Document Type

Undergraduate Project

Date of Degree Completion

Spring 2021

Degree Name

Bachelor of Science

Department

Engineering Technology

Committee Chair

Charles Pringle

Abstract

Once carbon fibers are cast into a resin and used in a composite material, retrieving those fibers can be a difficult task. However, it is beneficial to recycle and reuse the fibers from old unneeded components rather than pay the cost of acquiring new ones. The Joint Center for Aerospace Technology Innovation (JCATI) carbon fiber recycling device condenses the multistep process of extracting the fibers by integrating all steps into one automated device. In the previous version of the device, the cutting blades turned the long composite strips into thin fingers but did not sever them across the width.

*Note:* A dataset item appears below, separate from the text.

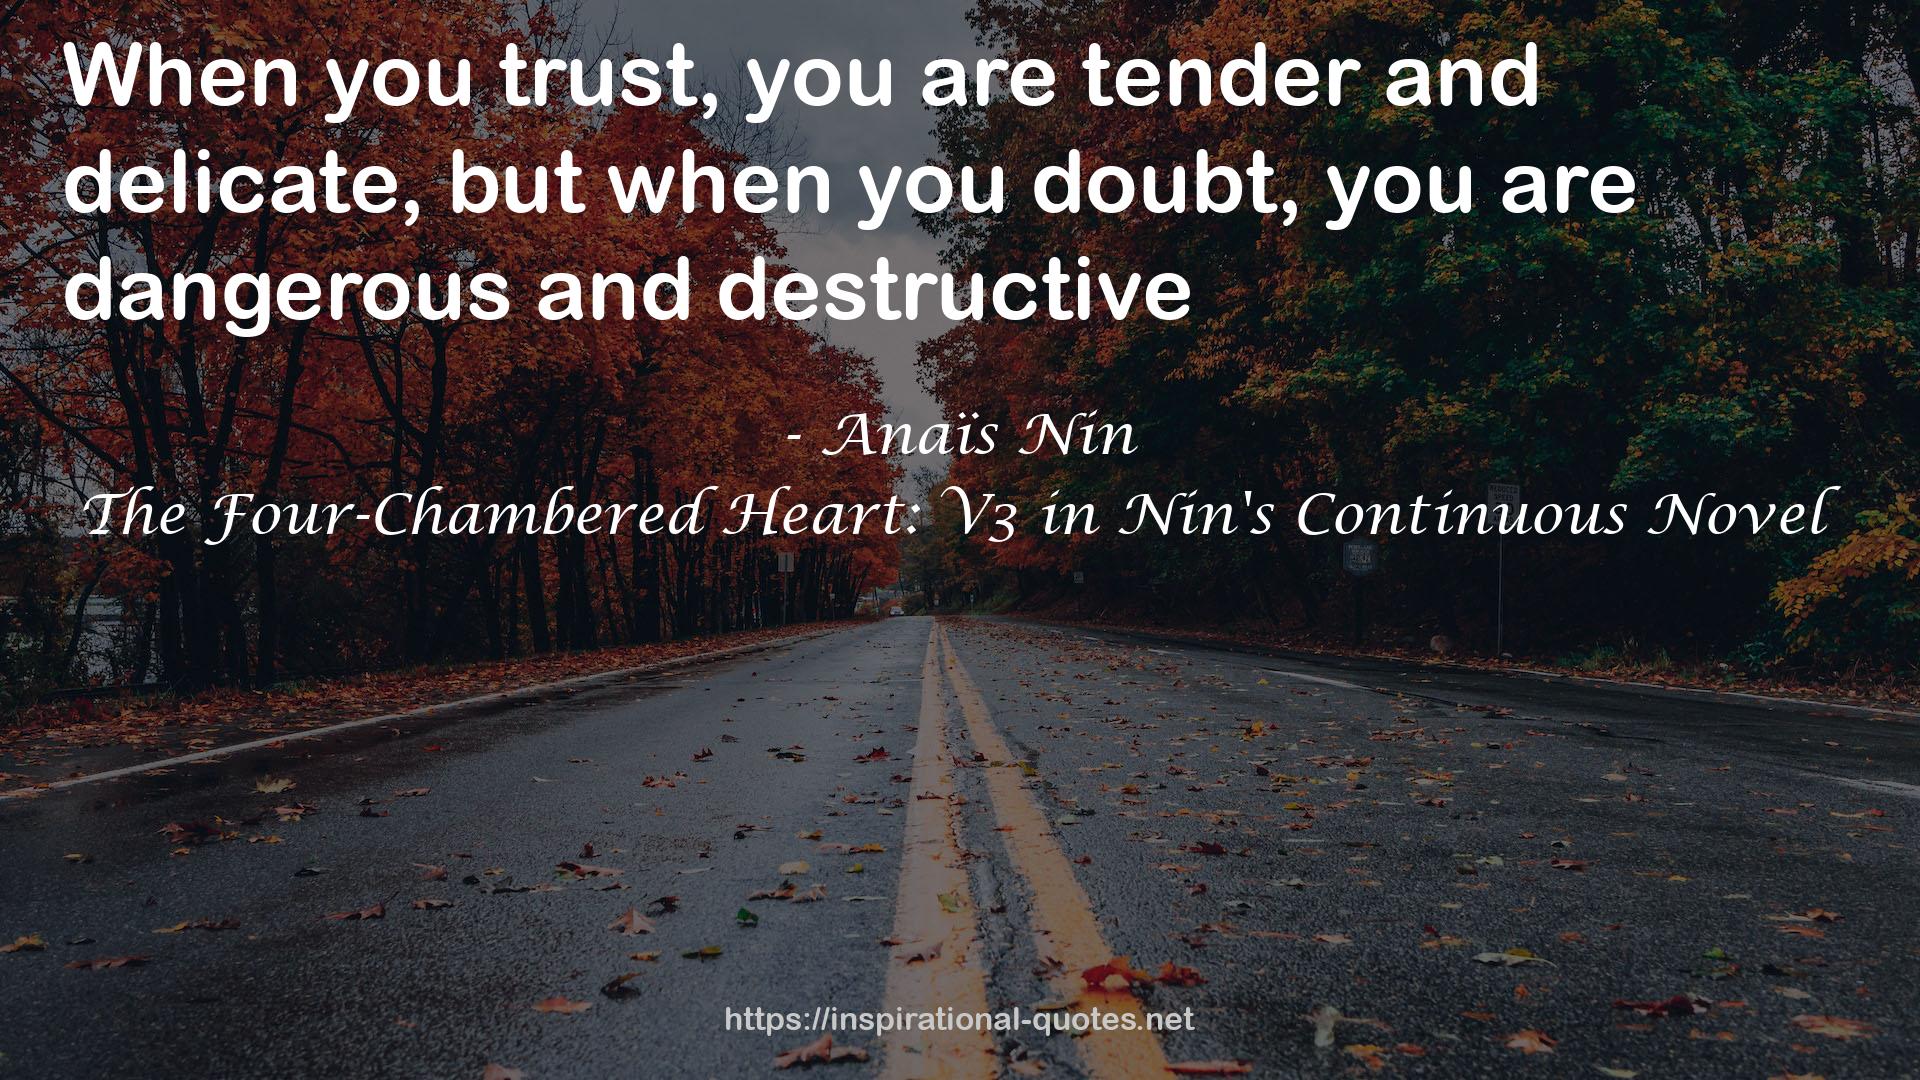 Anaïs Nin quote : When you trust, you are tender and delicate, but when you doubt, you are dangerous and destructive

The goal of the cutters is to create composite pieces small enough to undergo pyrolysis in the next section of the device, so the long thin fingers must be severed along the width at intervals to create composite chips containing long enough fibers to reuse. To sever the strips across the width, the number of blades on the cutter shafts was increased and the blades were moved closer together. The blades being closer together allows the system to act as a crosscut shredder and cut the strips along the length and width at the same time. This results in composite chips that contain fibers between 0.25” and 0.5”. These chips are small enough that they can undergo pyrolysis in the next step of the device to extract the fibers, and large enough that the fibers inside are reusable.